In approaching the project, Ed said his team had four main goals: to create an energy-efficient design based on high-quality and high-efficiency equipment; to reduce source energy consumption; to design a building automation system with control strategies to minimize energy consumption while maintaining user comfort and system reliability; and to ensure a high indoor air quality environment.

Compared to base scheme estimates, the building achieved 45 percent lower lifecycle energy costs and 25 percent overall energy savings, 70 percent of which came from the MEP equipment designs.

“Sustainability goals should be established at the beginning of a project, with owners and architects strategizing with the MEP engineer early in the design process to review options and incorporate the best systems to meet those goals,” Ed said. “We believe in taking a holistic approach to sustainability, specifying efficient systems that reduce a building’s environmental impact while also looking at resiliency and hardening methods,” he said. “We must design better buildings for a better future.”

A commitment to our future

A city is the sum of its parts—buildings, communities, coastlines—and efforts to enhance long-term resilience and sustainability must reach across all of them.
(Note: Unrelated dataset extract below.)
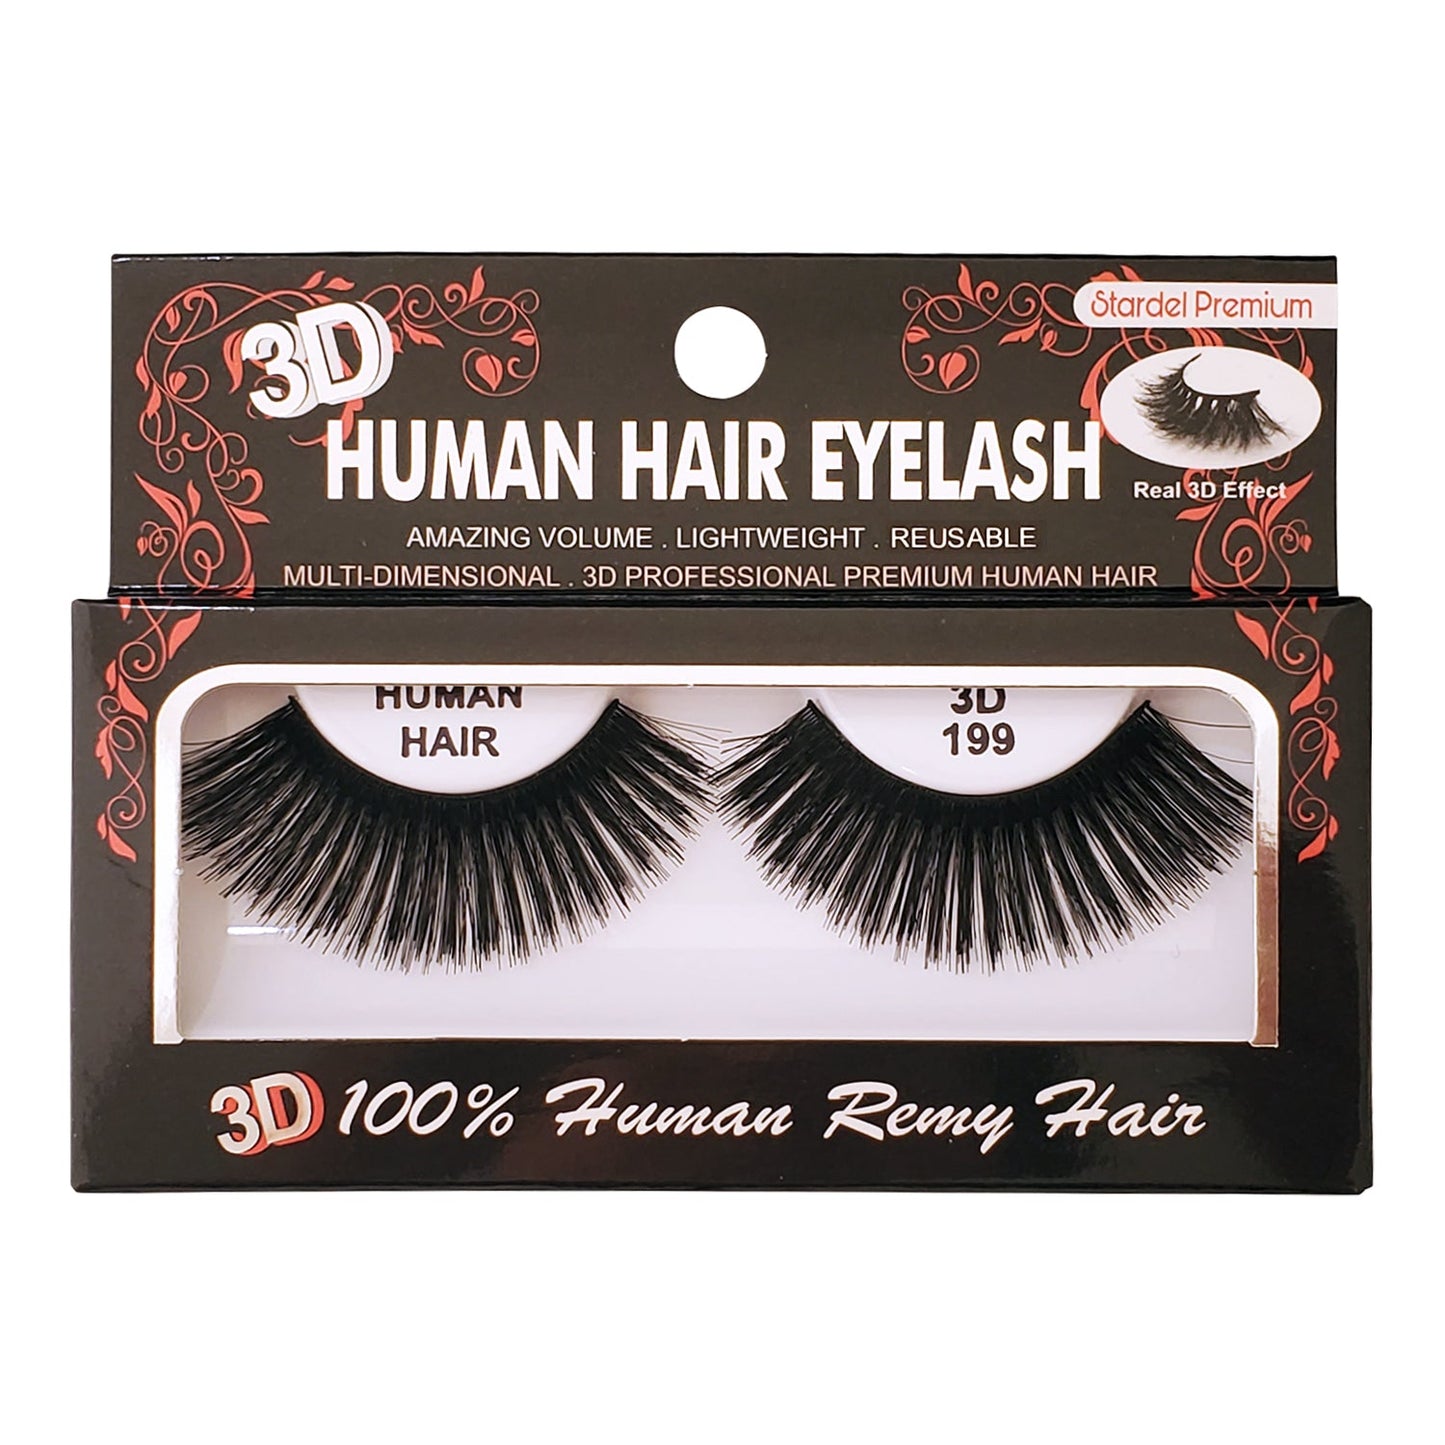 #3D 199 - 100% Human Remy Hair Eyelash
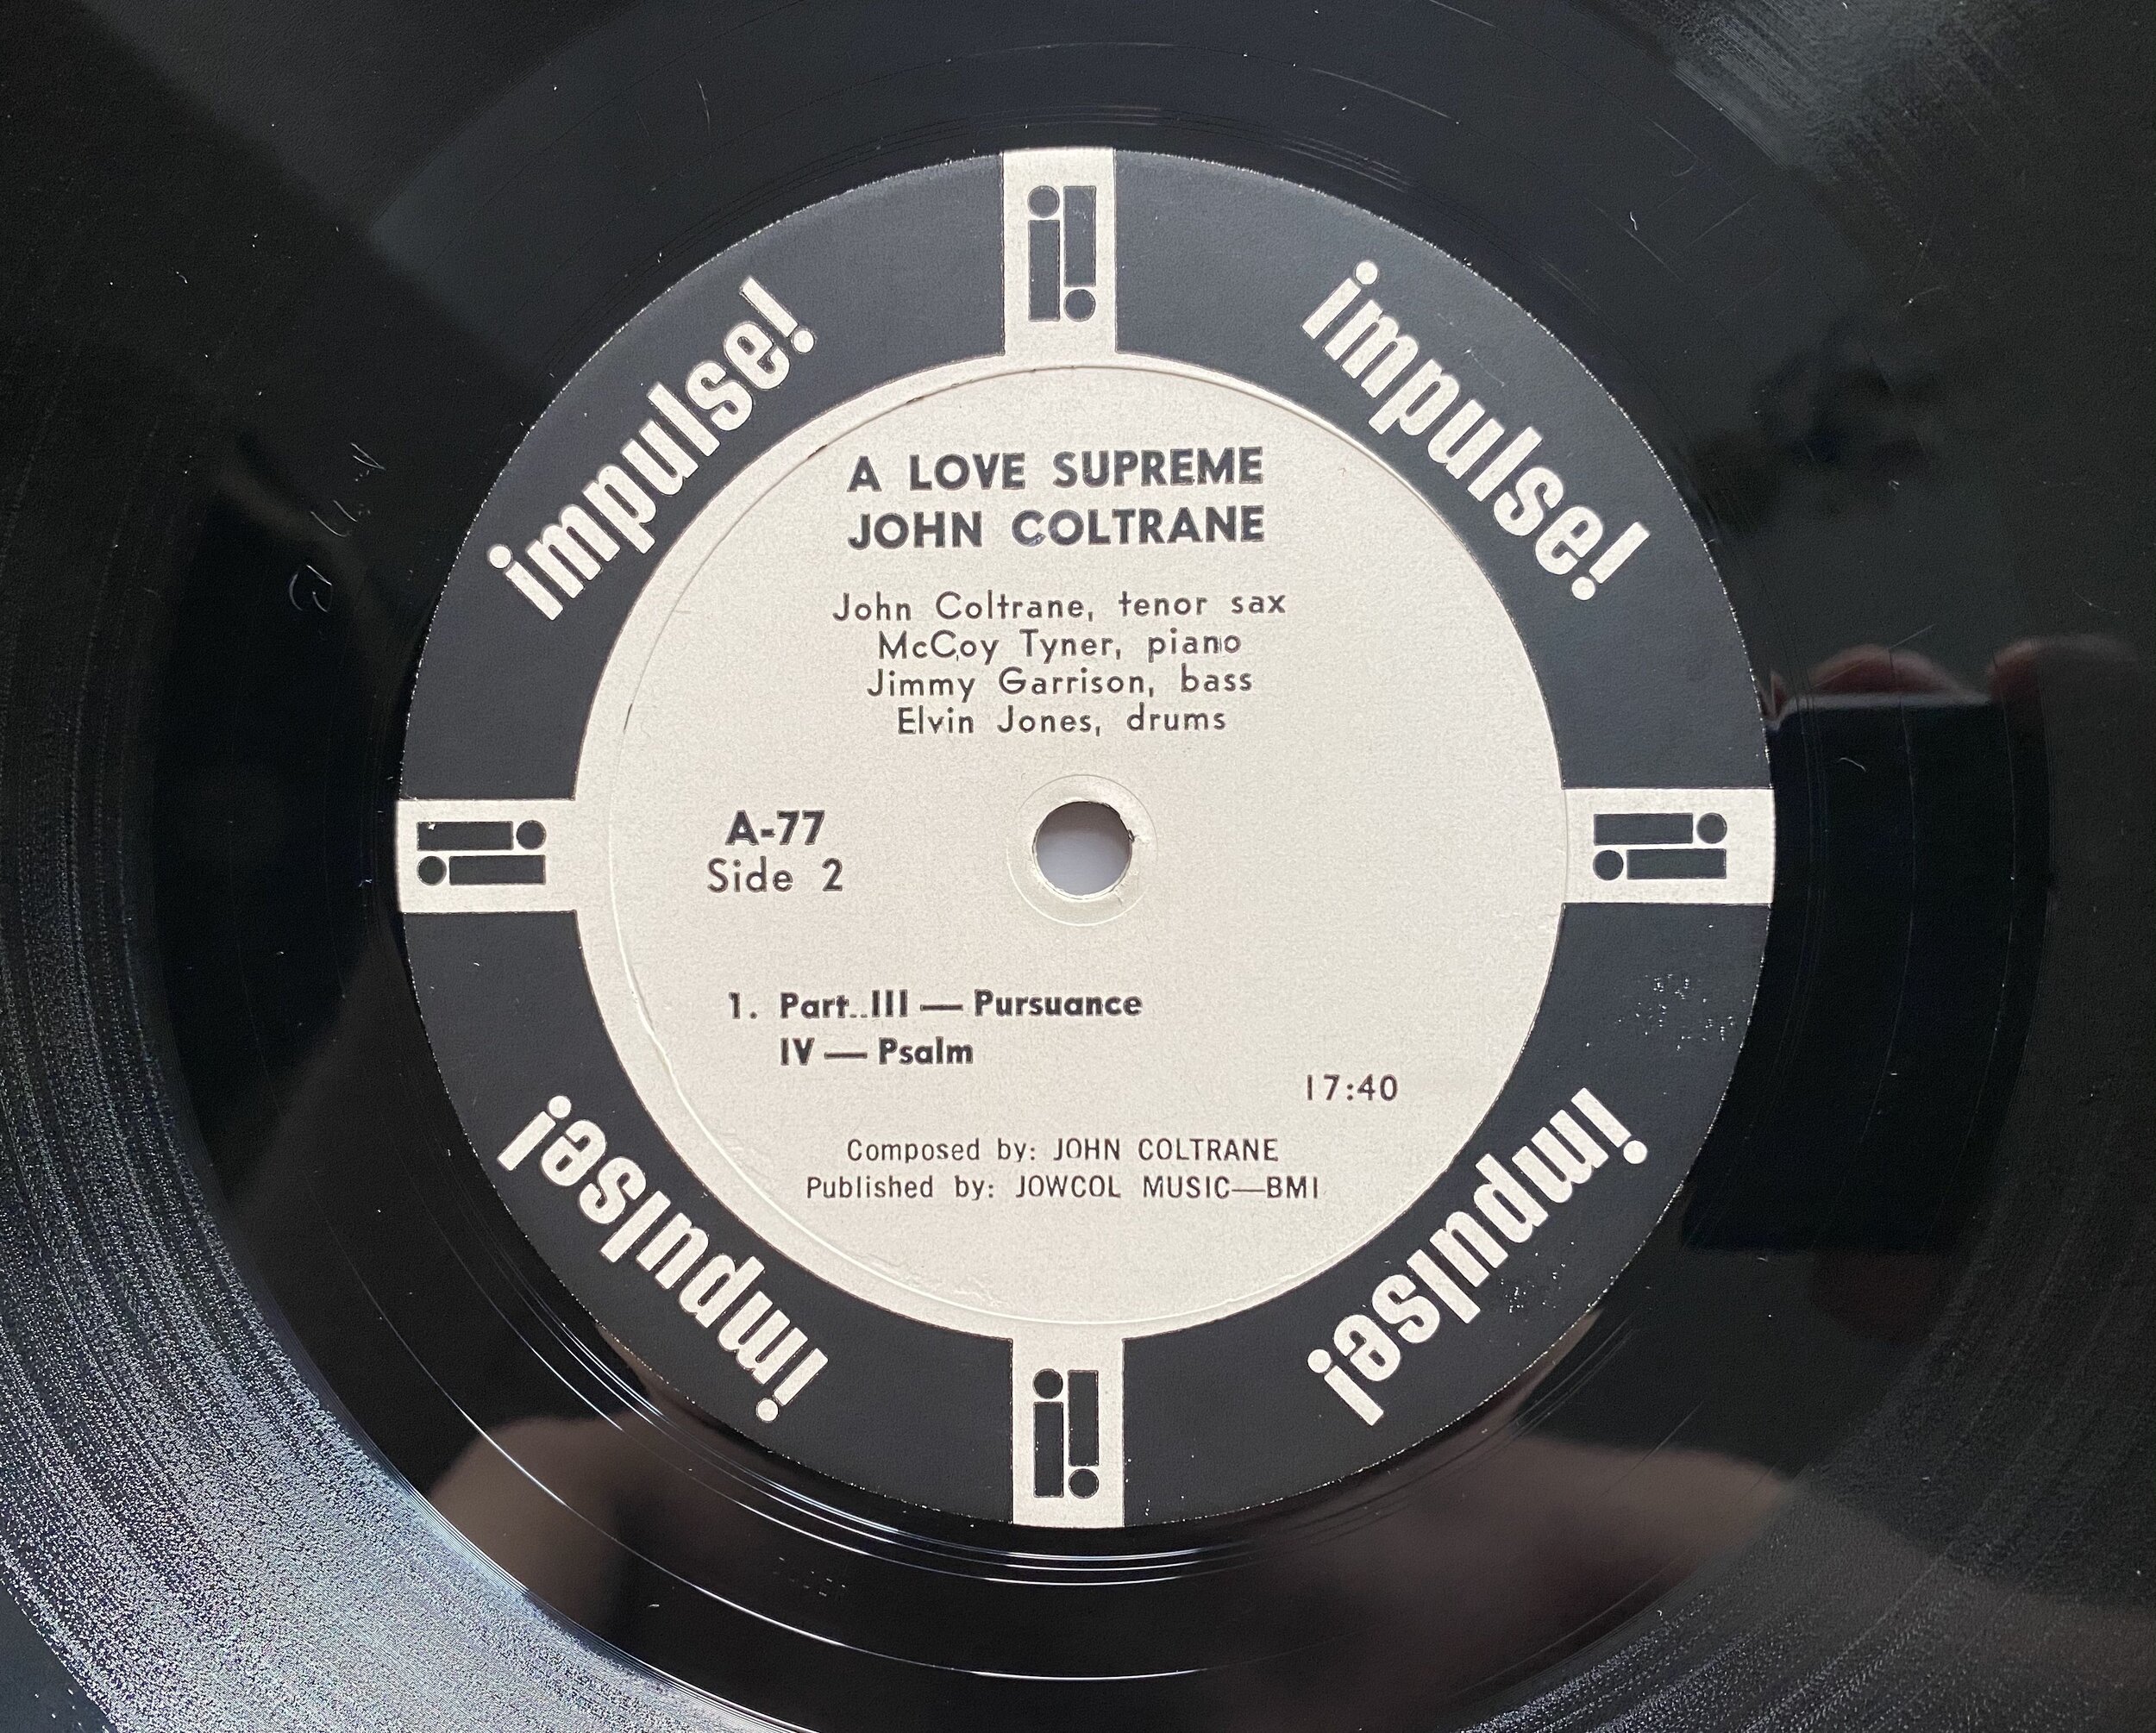 lomme ødelagte gøre ondt A Love Supreme" by John Coltrane on Impulse! A-77 — FW Rare Jazz Vinyl  Collector

Tetra Tech’s community resiliency specialists and global sustainable infrastructure teams are demonstrating what can be achieved through collaboration, creativity, and an unwavering dedication to the highest principles in planning, design, and engineering. By leading in projects that advance resiliency and sustainability, we can continue to deliver the most effective solutions to our clients and help ensure a vibrant and enduring future.